Severe, short-term food restriction improves cardiac function following ischemia/reperfusion in perfused rat hearts.

The purpose of this study was to clarify the characteristics of improved ischemic tolerance induced by severe, short-term food restriction in isolated, perfused rat hearts. Male Wistar (8 week-old) rats were given a food intake equivalent to a 70% reduction on the food intake of ad-libitum fed rats for 11 days (FR group and AL group, respectively). After this period, hearts were isolated and perfused in the Langendorff mode, and subjected to 20 min of global ischemia followed by 30 min of reperfusion. Although the coronary flow rate in the FR group (63.0 +/- 3.1 ml/min/g dry weight) was higher than that in the AL group (47.1 +/- 1.3 ml/min/g dry weight) during preischemic perfusion, the lactate release into the coronary effluent and absolute values of +dP/dt and -dP/dt in the FR group (2422 +/- 161 and -1282 +/- 51) were inversely lower than in the AL group (2971 +/- 156 and -1538 +/- 74, respectively).
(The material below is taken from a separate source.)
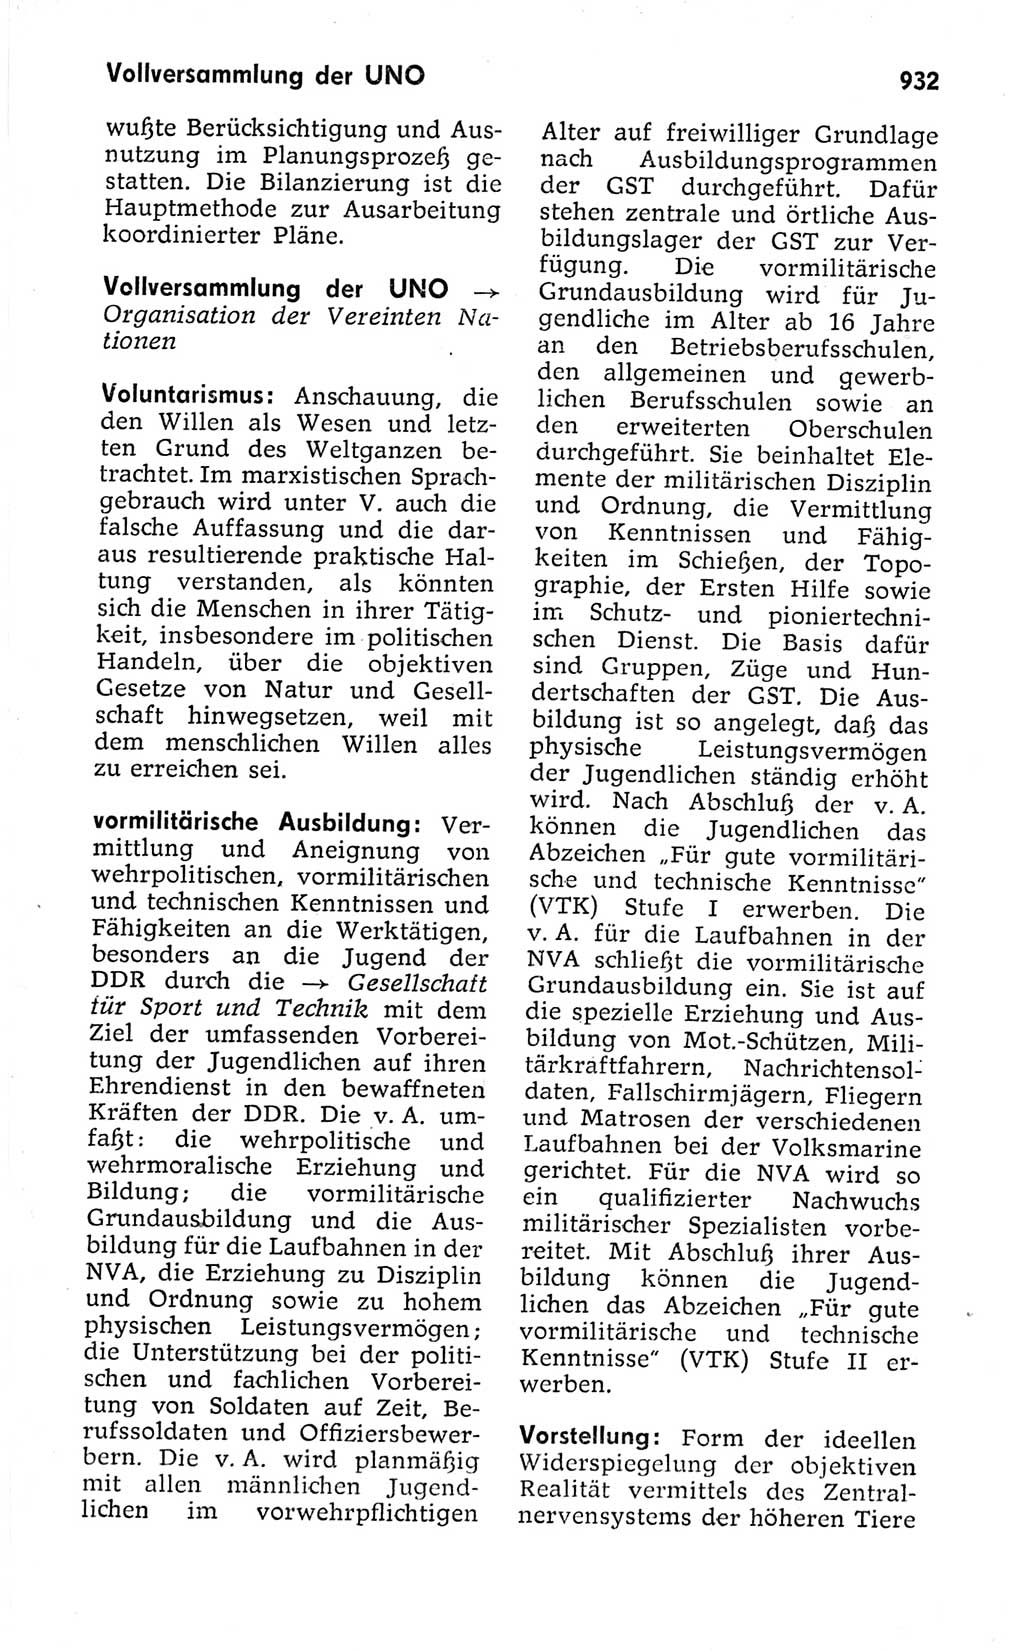 Kleines politisches Wörterbuch [Deutsche Demokratische Republik (DDR)] 1973, Seite 932 (Kl. pol. Wb. DDR 1973, S. 932)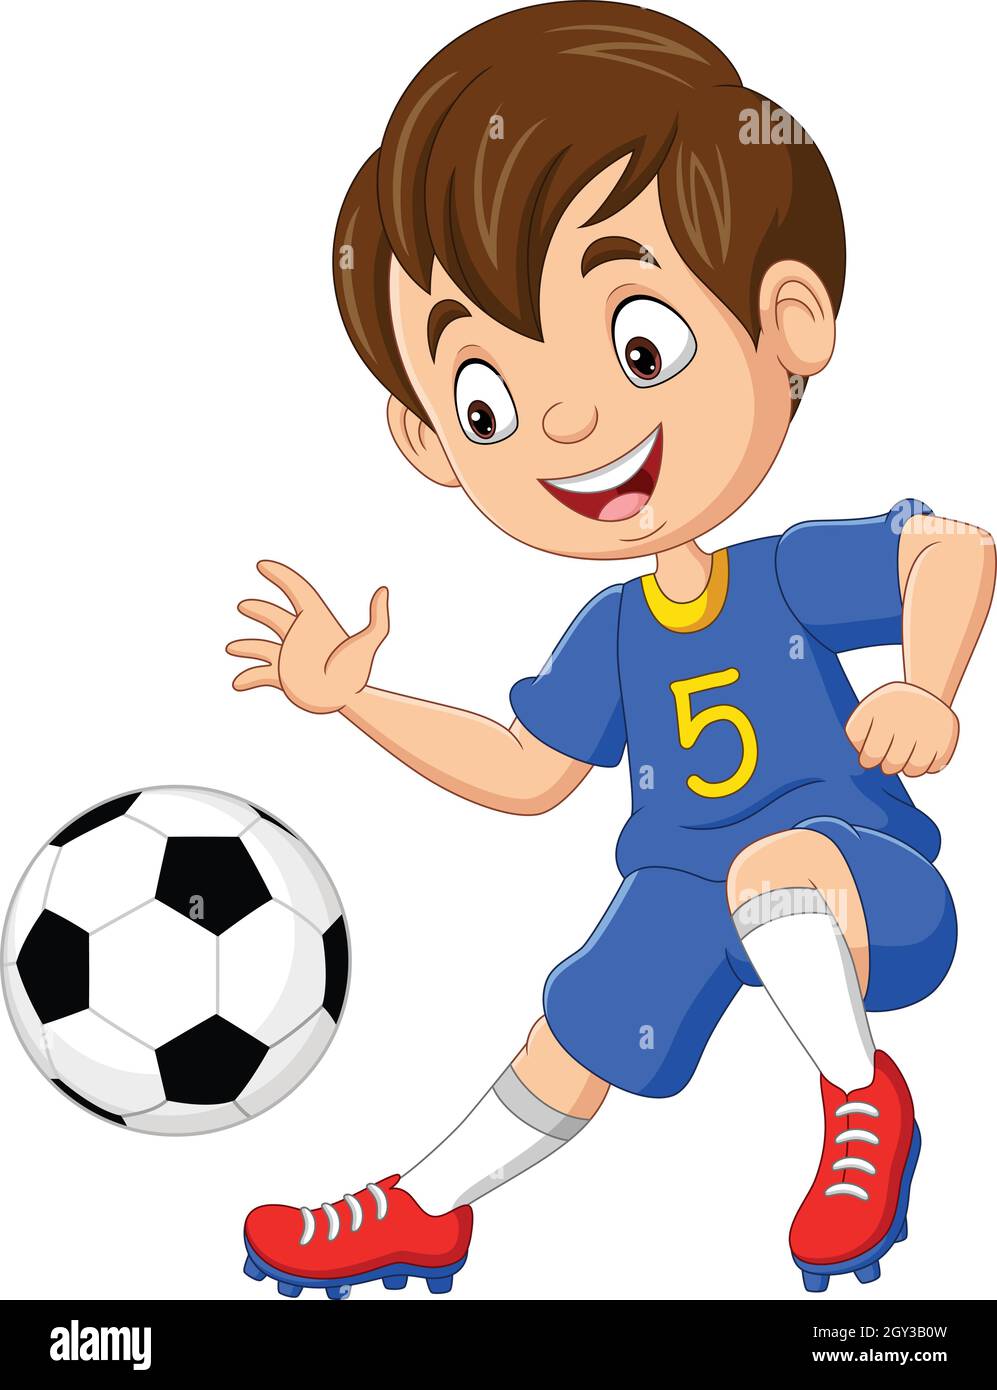 Niños de dibujos animados jugando deportes. fútbol y boxeo para

An increase in ischemic contracture was suppressed in the FR group. Following reperfusion, cardiac function, high-energy phosphate content, and intracellular pH, as measured by 31P-nuclear magnetic resonance spectroscopy, had recovered to a much greater degree in the FR group than in the AL group. The serum T3 level was significantly lower in the FR group (2.7 +/- 0.1 pg/ml) than in the AL group (3.6 +/- 0.1 pg/ml), and the levels of triglycerides, free fatty acids, insulin, and glucose were also significantly lower in the FR group than in the AL group. The protein expressions of myocyte enhancer factor 2A, Na(+), K(+)-ATPase, and phospholamban in the cardiac tissue were higher in the FR group than in the AL group. These results suggested that severe, short-term food restriction improves ischemic tolerance in rat hearts via altered expression of functional proteins induced by low serum T3 levels, decreased coronary conductance, and change in metabolic flux.